Des aventures professionnelles se succèdent, mais la vie personnelle d'Arold est bercée par la cuisine : «A mon adolescence, j'ai été bercé par Michel Oliver et ses émissions culinaires le dimanche dans la Meuse. Je cuisinais, je pâtissais, pour ma famille, pour moi, pour les anniversaires... J'ai toujours aimé cuisiner, mais pour partager. Lorsque je faisais quelque chose, je goûtais à peine, et je donnais aux voisins, aux amis».

Puis petit à petit, Arold se passionne pour le pain, et cherche à améliorer sa technique. Le plaisir qu'Arold éprouve à faire son propre pain au levain est intense. Si bien qu'il finit par formuler son rêve resté enfoui jusqu'ici. En 2019, il se rend à l'évidence : il ne veut pas faire carrière dans l'aviation, mais souhaite devenir boulanger. Il décide alors de se vouer à sa passion d'adolescent, tout en y alliant son amour pour le pays du soleil levant.

Un virage à 380 degrés qu'il prépare minutieusement puisqu'il intègre l'illustre Ecole Ferrandi en boulangerie et profite du confinement de 2020 pour suivre sa formation. Pour s'en donner les moyens, il vend sa maison, et se souvient de cette période difficile : « J'ai demandé la permission à Air France de partir en formation sans solde, j'ai payé ma formation car je n'ai pas été financé, j'ai fait ma formation en plein Covid, et on a eu la bonne idée de vendre notre maison juste avant le Covid. On est resté confinés dans un petit deux pièces, ma femme était enceinte. On a attendu presque 6 mois après la formation pour que le Japon rouvre pour ceux qui avaient une demande de visa»

Et le départ tant attendu pour Tokyo se profile enfin en décembre 2020. Une fois sur place, l'heure est à la recherche du local pour installer Maison Jandia Saïto. Dans cette mégapole gigantesque, le couple arpente les rues en vélo et en transports, pour trouver le site idéal.
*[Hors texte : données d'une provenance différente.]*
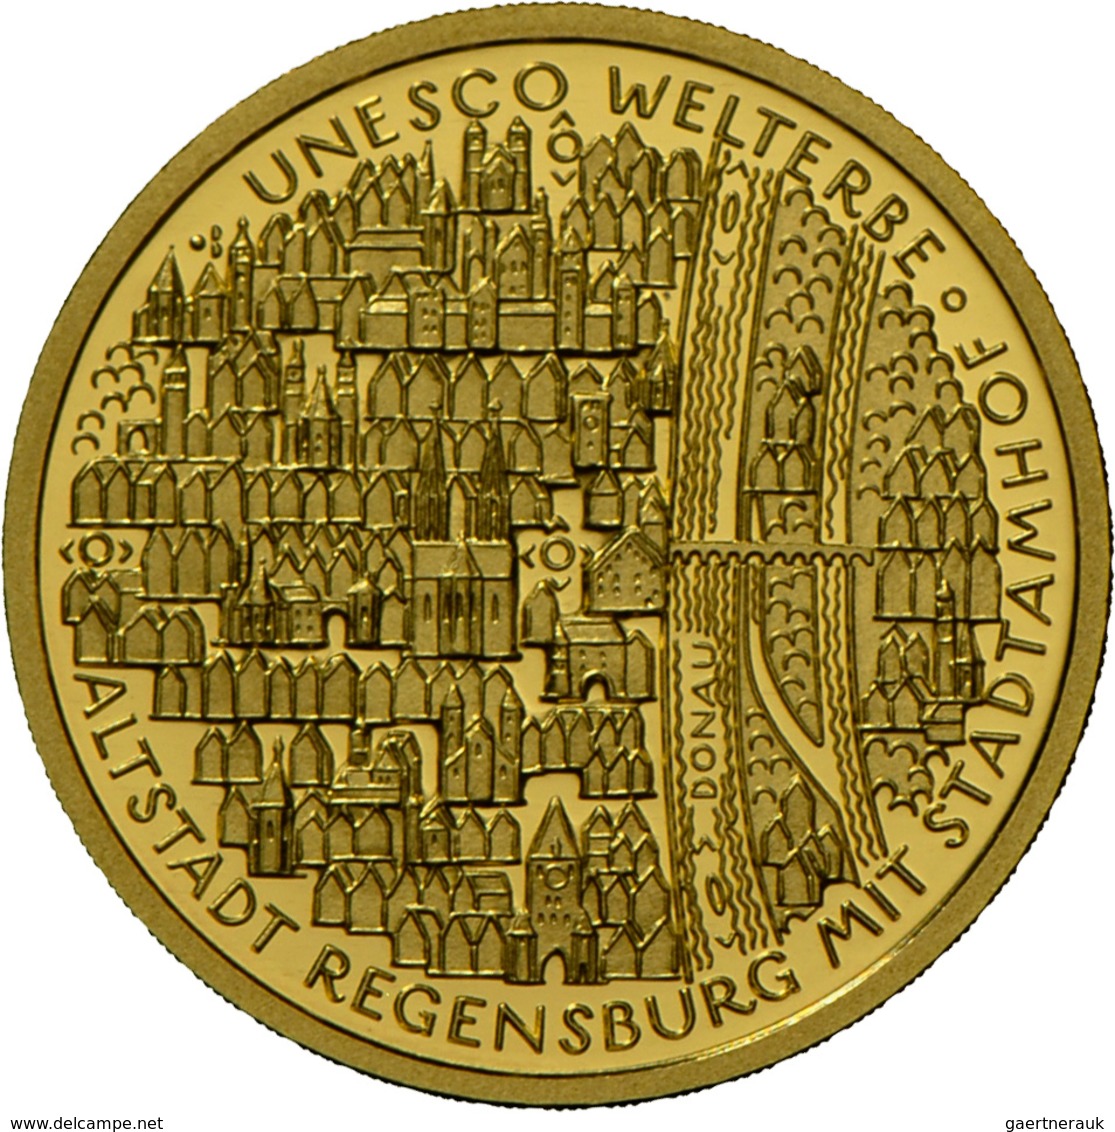 Deutschland - Anlagegold: 5 X 100 Euro 2016 Altstadt Regensburg Mit Stadtamhof (A,D,F,G,J) In Origin - Alemania

Mais Arold est étranger, et même accompagné d'une Japonaise de naissance, ce statut ne facilite pas les recherches. 

Alors qu'ils commencent à perdre espoir, une réunion d'information s'organise dans un quartier de Tokyo très peu connu et en perte de vitesse. La propriétaire d'un local leur fait finalement confiance et le rêve prend forme : «On a été adopté par le quartier et on a adopté ce quartier. On y est tellement bien !»

Et les abonnés d'Arold sur Facebook ne sont pas en reste : ils sont des dizaines à suivre assidûment les semaines de recherches du local, les travaux, le quotidien familial avec Miki et Yamato, ou encore la vie au Japon.

© Maison Jandia Saïto 

Un véritable succès

Maison Jandia Saïto ouvre finalement en juin 2021 et connaît un véritable succès dans le quartier et même au-delà. Dès l’ouverture, de longues files d'attente se créent sur le trottoir. Les Japonais sont friands des créations boulangères d'Arold.
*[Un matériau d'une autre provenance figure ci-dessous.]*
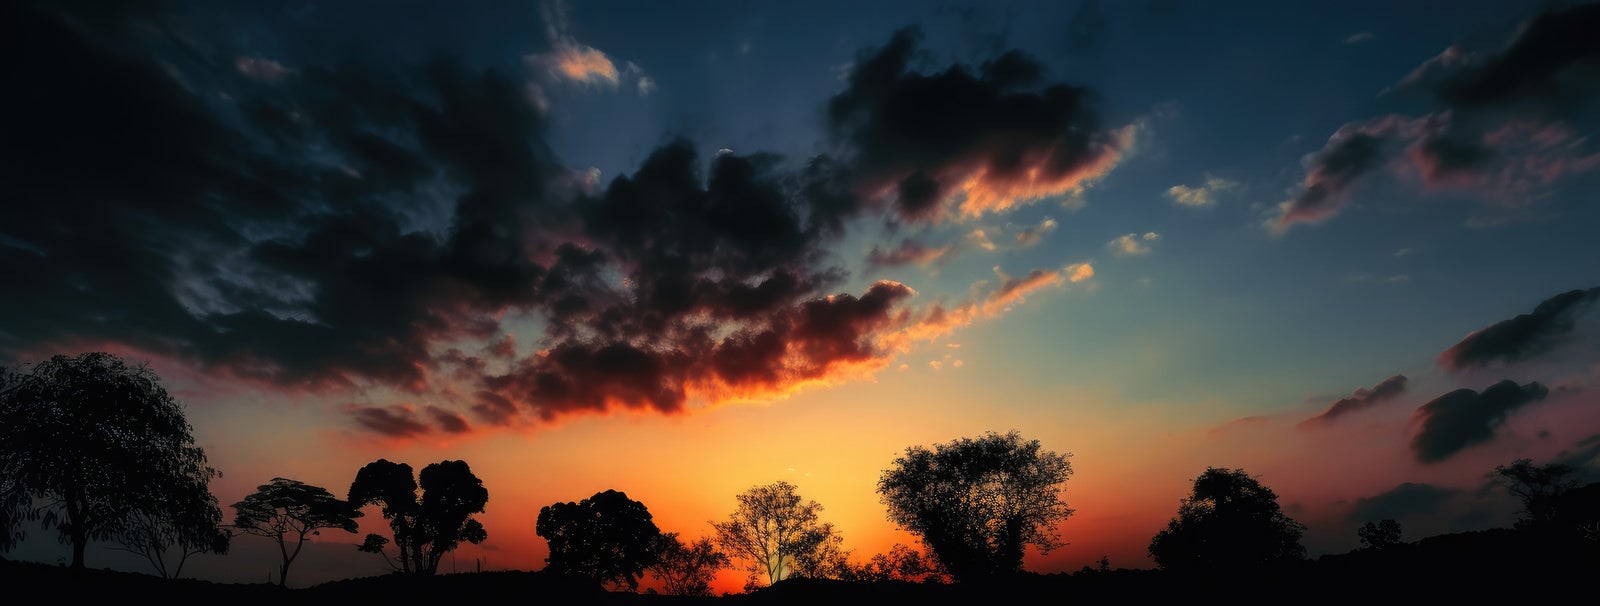 「夕焼け空と木々のシルエット」の写真

C'est une fierté pour Arold de créer ses viennoiseries et pâtisseries qui séduisent par leur simplicité autant que par leur goût. S'il est étranger au Japon et de surcroît homme noir, Arold vit cette différence et les regards interrogateurs voire inquisiteurs avec détachement : « Au Japon, oui, il y a surement des gens qui ne nous aiment pas pour ce qu'on est, mais c'est à nous de monter qui l'on est, que l'on respecte leurs us et coutumes. Car c'est un pays ancré dans la modernité, mais avec des traditions incontournables. Et il faut les respecter»

© Maison Jandia Saïto 

Et le métissage offre une nouvelle réalité aux rues tokyoïtes. Arold Jandia et son petit garçon Yamato, métis antillais-japonais, sont témoins et acteurs de ce changement : « Tous les matins, on se promène à 5 heures du matin avec Yamato. Quand il ne savait pas marcher, il était dans les bras. On découvrait nos petites rues. Et maintenant qu'il sait marcher, toutes les mamies nous reconnaissent dans la rue. Car je fais les choses comme il faut»

Le sourire aux lèvres, Arold et sa famille se jouent des frontières. Alors pour boucler la boucle, la suite idéale serait d'ouvrir un jour une Maison Jandia Saïto en Martinique. Un rêve que partage Arold comme une promesse, certainement pas inatteignable. Les projets intrépides, il connaît.